The Magnificent Ambersons Review

The Magnificent Ambersons
The story of a talented but unlikeable scion of an aristocratic family who aims to sabotage his mother's happiness but receives the come-uppance everyone wants for him.

by Kim Newman |
Published on
Release Date:

10 Jul 1942

Running Time:

88 minutes

Certificate:

U

Original Title:

The Magnificent Ambersons

Kane enjoys a reputation as the greatest of incomplete masterpieces, a film hacked to bits and stitched back together like

a celluloid Frankenstein’s creature by philistine studio bods. Indeed, this adaptation of novelist Booth Tarkington’s saga of a prominent Midwestern family from the 1870s into the 20th century was a far more personal project for Welles than Kane (that being more of an aesthetic exercise to demonstrate his brilliance), making those hacks all the more painful.

Tarkington’s Pulitzer Prize-winning book struck many chords with Welles,  himself the Midwestern son of a wealthy inventor (like Joseph Cotten’s character, Eugene Morgan). In fact, he suspected that Tarkington, a friend of Welles’ family, based the spoilt brat and “princely terror” Georgie Amberson Minafer on him — he, too, was called Georgie as a child.

Yet, despite it clearly being close to his heart, it’s long been said Welles himself was at least partly to blame for the final cut betraying his vision. While RKO suits were fretting that Ambersons was too long, too dense and too sombre, Welles was trying to supervise its editing by telephone and telegram while occupied in Brazil with the eventually abandoned It’s All True. That, it turns out, was not entirely his choice. According to film writer Bill Krohn (see Extras box-out), millionaire politician and RKO shareholder Nelson Rockefeller propelled Welles to Brazil in the interest of U.S.-South American wartime relations. Whether he was doing his patriotic bit, or simply a bit green in the ways of Hollywood (Welles was still only 26, remember), it was a lifelong source of chagrin to him to ponder that if he had stayed obdurately on the scene in LA to fight for the unprecedented creative-control arrangement he’d negotiated

in 1940, The Magnificent Ambersons would be a very different picture.

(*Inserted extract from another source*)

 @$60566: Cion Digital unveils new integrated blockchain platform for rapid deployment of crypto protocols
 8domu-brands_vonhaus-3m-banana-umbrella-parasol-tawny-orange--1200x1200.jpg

Still, what makes Ambersons not the undoing of Orson but another testament to his audacious talent is that the released version still has vintage Welles magic — enough for the film to endure as an unfinished American classic of change, longing and loss. Even mutilated, the movie’s grace, cinematography and performances denote a superior achievement. Among the dazzling highlights are a glittering ball, a party outing in the snow and visually unforgettable encounters with love and death in the family’s darkening mansion.

Alas, there will never be a ‘director’s cut’ DVD reconstruction. After cuts, re-editing, re-shoots and the tacking on of a new, more uplifting ending were done behind his back, 50 minutes of Welles’

own last cut were destroyed in his absence to prevent any further changes.

Could it have been greater than Kane? We’ll never be sure, but because it’s a warmer film that deals as much with the heart as with art, it’s a beauty even as it is.

It's a tragedy that someone else' happy ending is tacked onto his tale, but the film retains enough brilliance to make us glad it's been re-released.